The McpServer class handles all of this automatically. You only write the handlers.

What to Build Next

Now that the scaffolding is working, the useful extension points are:

File system access: register a resource that reads local files by path. MCP clients can then ask Claude to read or summarize files without you copy-pasting content.

Database queries: wrap a database client in a tool. The tool receives query parameters via Zod schema, runs the query, and returns formatted rows. No credentials leave the server process.

External API wrappers: turn any REST API call into a tool. The client describes the intent in natural language; Claude maps it to your tool's input schema.

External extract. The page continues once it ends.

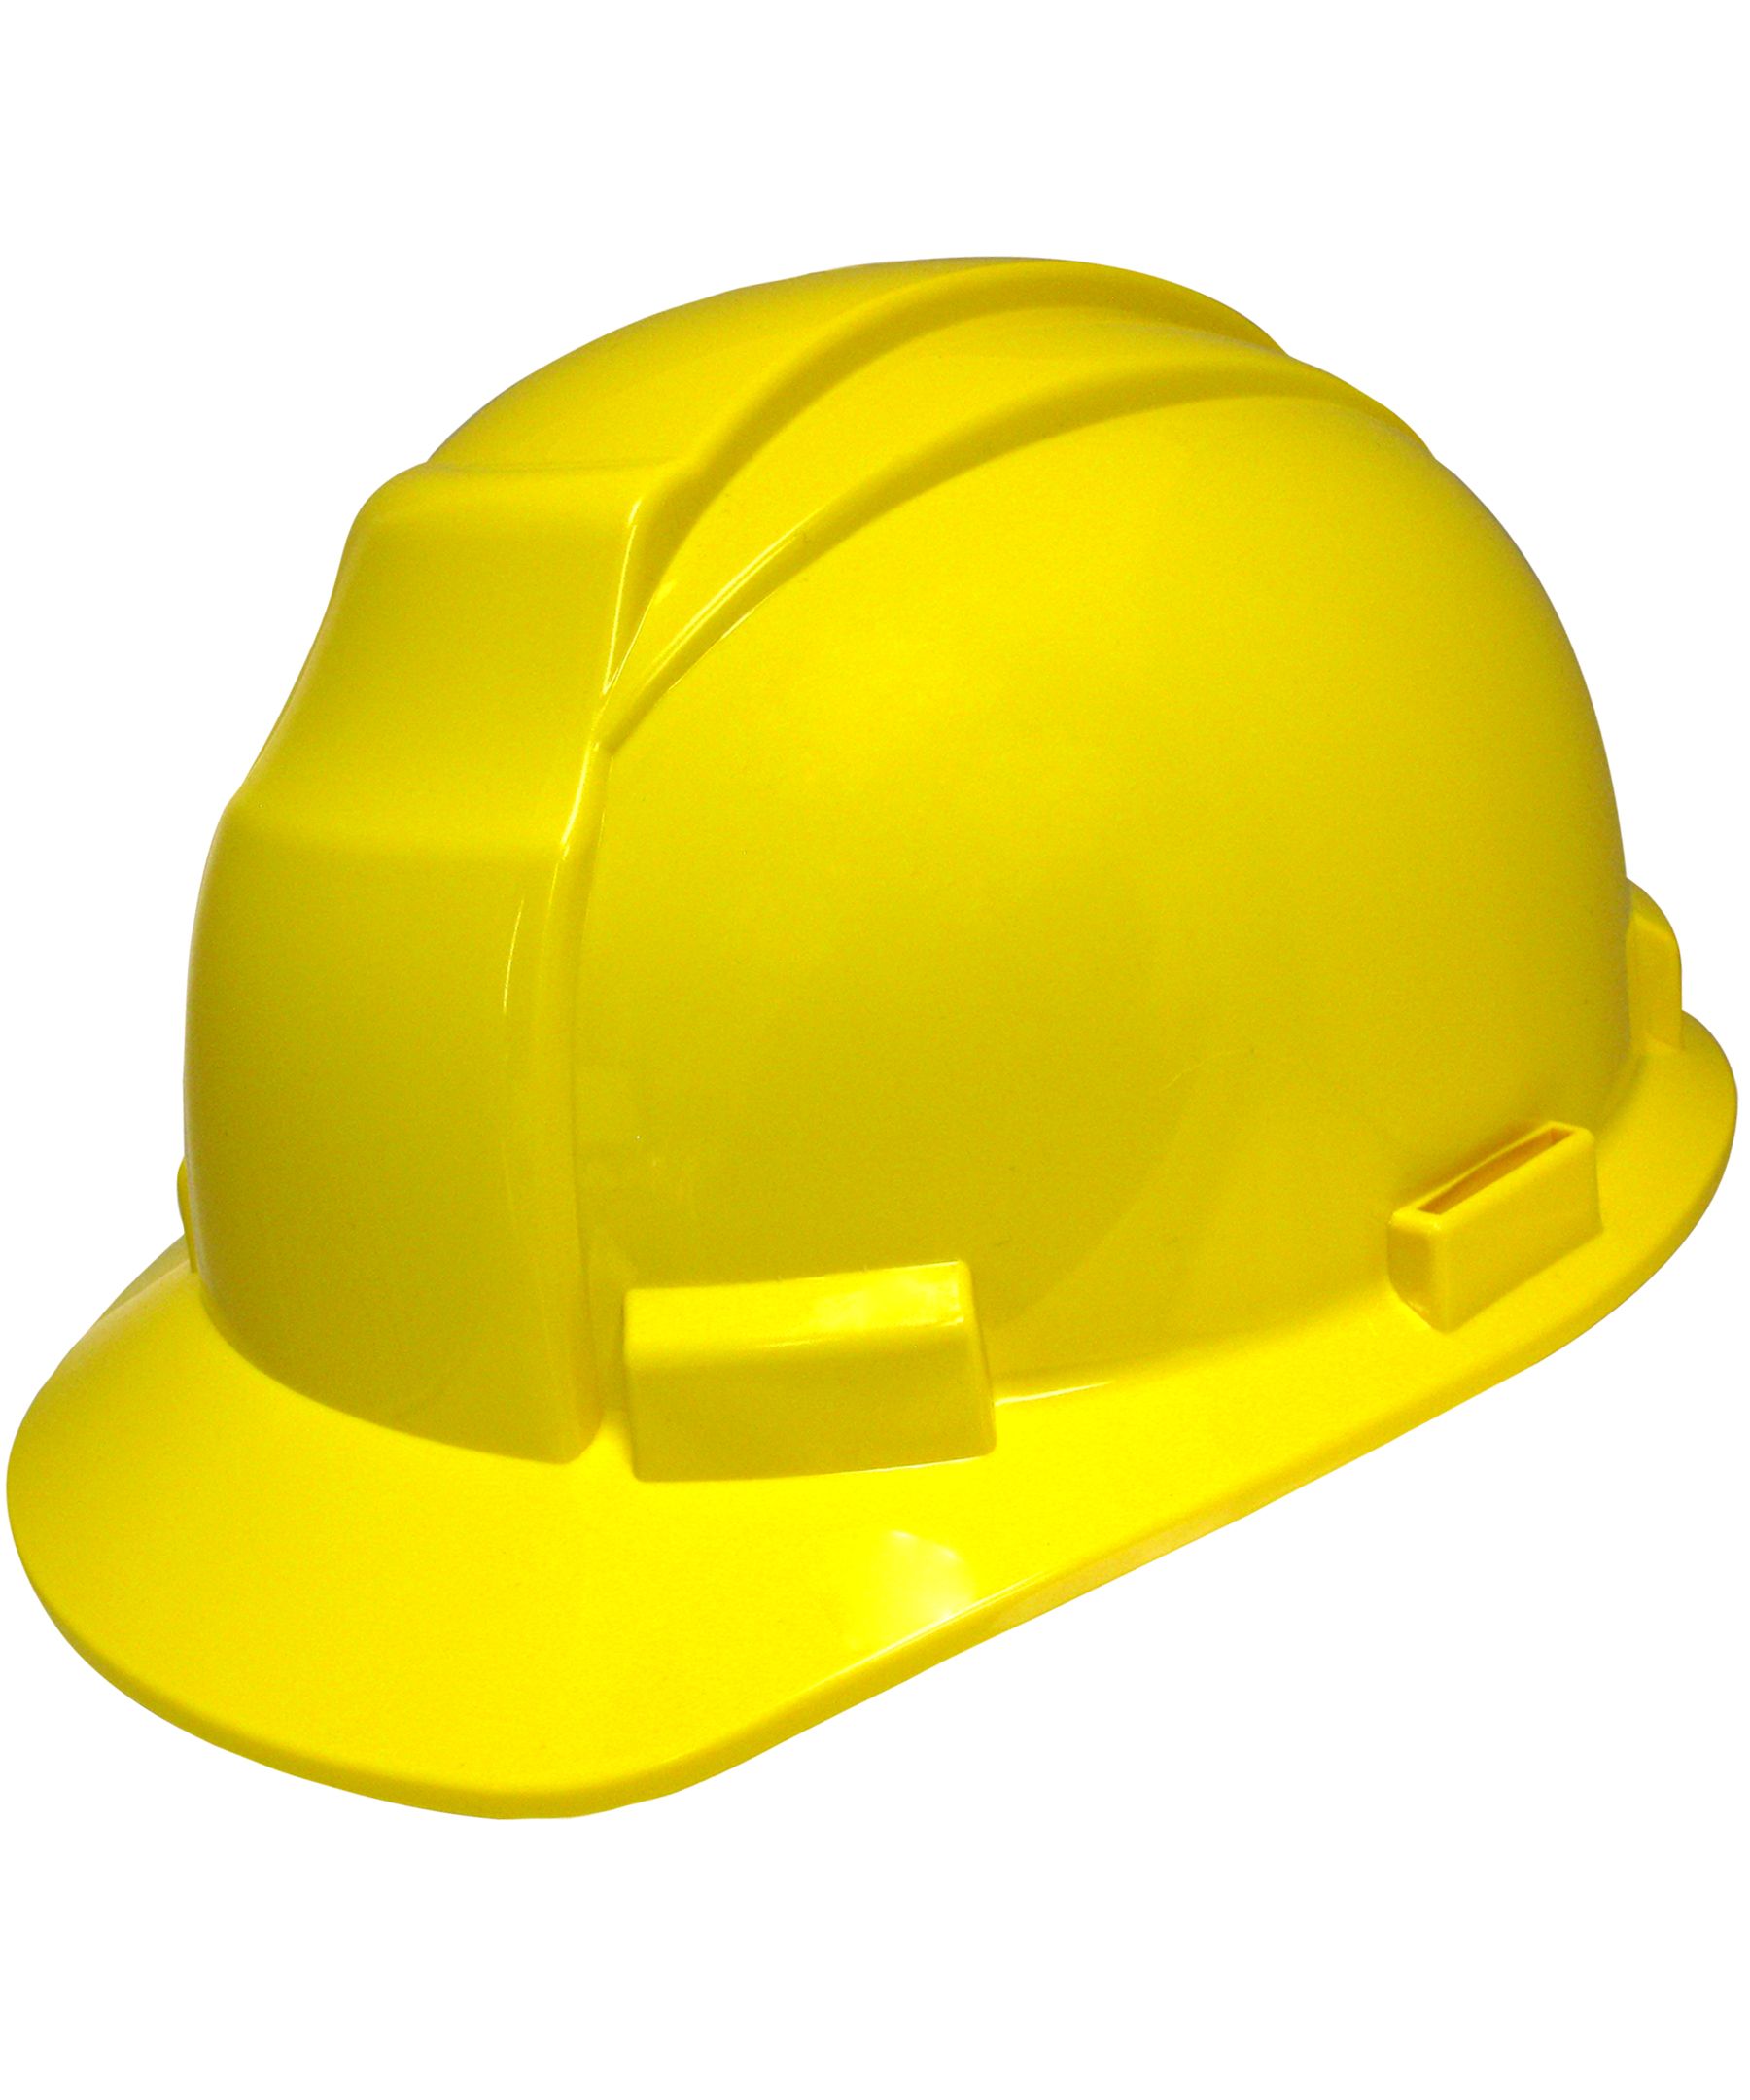 Casque de protection jaune - Casque jaune chantier basic EPI

Authentication: the SDK ships OAuth helpers for servers that need protected access. The 2025-03-26 protocol version includes auth flows built into the handshake.

Bottom Line

MCP's TypeScript SDK is genuinely straightforward to start with: five imports, one server instance, one tool registration, and you have a working integration point for every compliant AI client. The two configs that trip people up — "type": "module" in package.json and moduleResolution: Node16 in tsconfig — are easy to miss in older tutorials. Get those right and the rest follows cleanly.

Frequently Asked Questions

Q: Does my MCP server need to run continuously?

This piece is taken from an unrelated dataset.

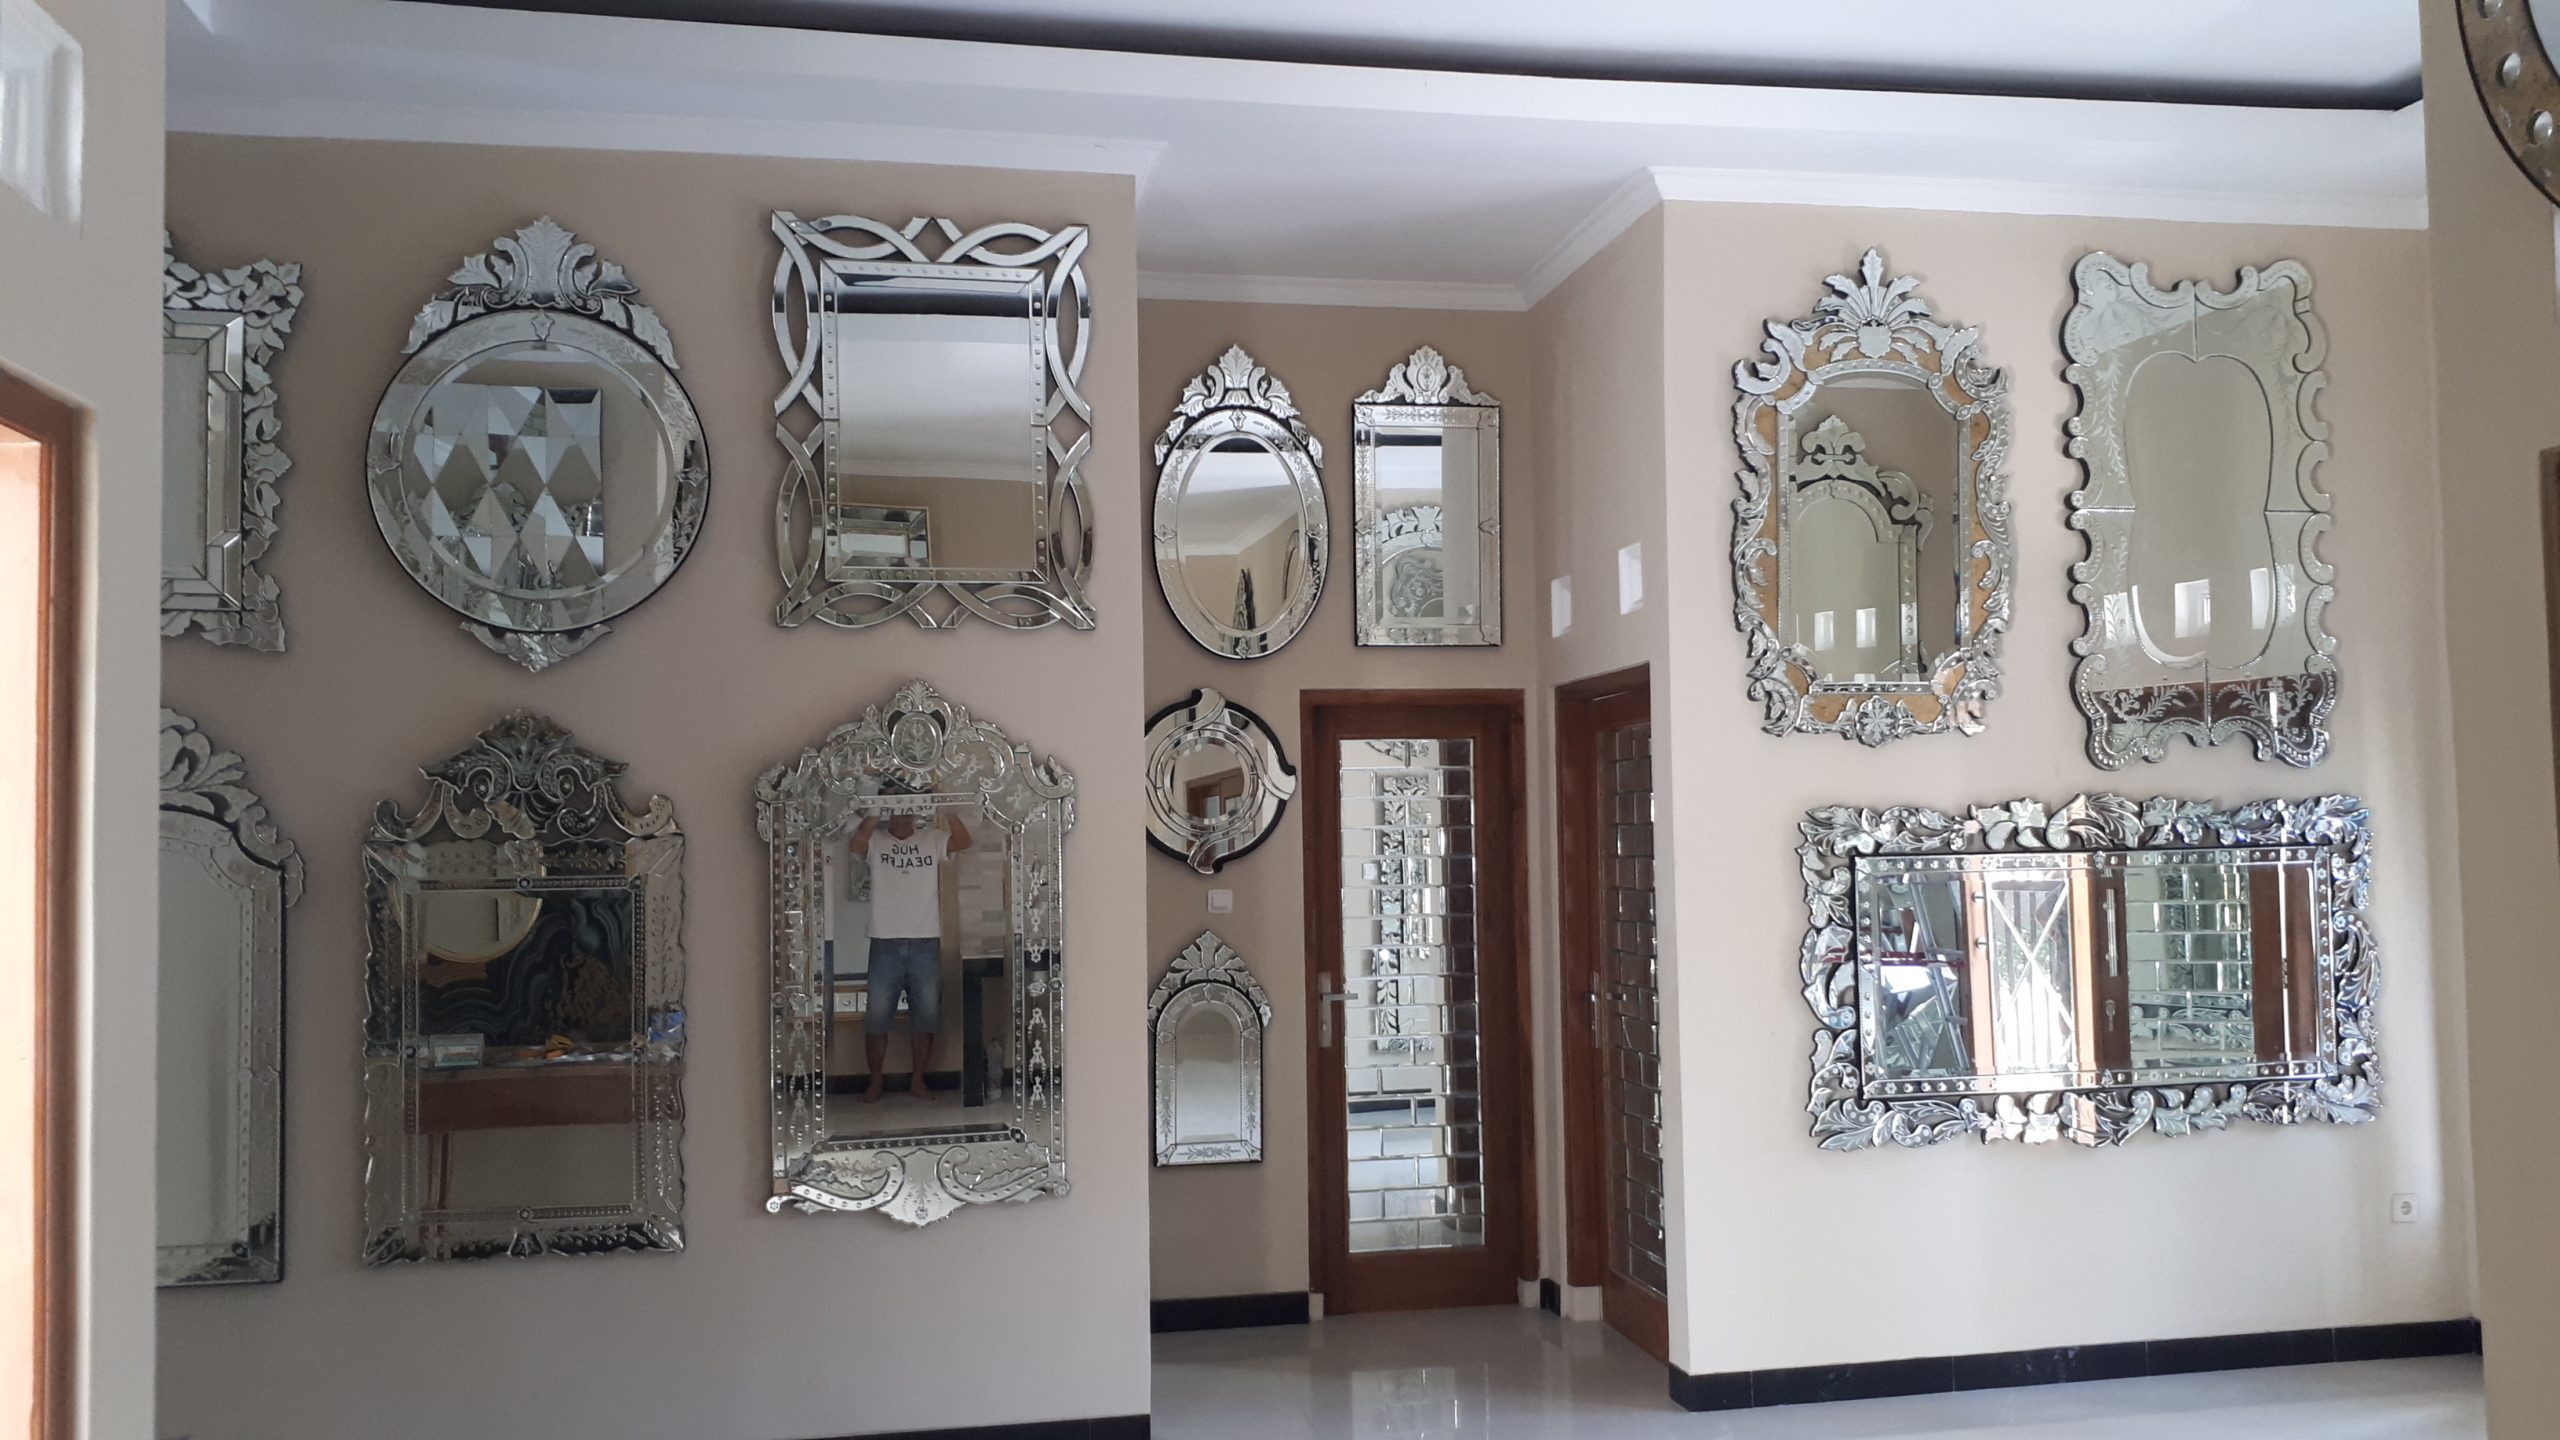 Venetian mirrors

No. With stdio transport, Claude Desktop starts your server process when it launches and keeps it running only while the app is open. When Claude Desktop exits, the process is killed. The server doesn't need to be a background daemon.

Q: Can I use libraries other than Zod for schema validation?

Yes. As of SDK 1.11.0, MCP supports Standard Schema — any compatible library works including Valibot, ArkType, and others. Zod is the most common choice in the ecosystem and has the best documentation for MCP patterns.

Q: How do I debug tool calls during development?

Write debug output to console.error() — it goes to stderr, which MCP clients typically pipe separately. You can also run your server manually in a terminal and pipe test JSON-RPC messages via stdin to inspect request/response pairs directly.

Q: What's the difference between a tool and a resource?

Tools are actions the model can take — functions with inputs and outputs. Resources are data the model can read, referenced by a URI scheme (like info://server or file:///path). The practical difference: tools get called when the model wants to do something; resources get read when the model wants context.

Q: Can I ship my MCP server as an npm package?

Yes, and many public servers do. Add a bin entry to your package.json pointing at dist/index.js, and users can run your server via npx directly in their Claude Desktop config.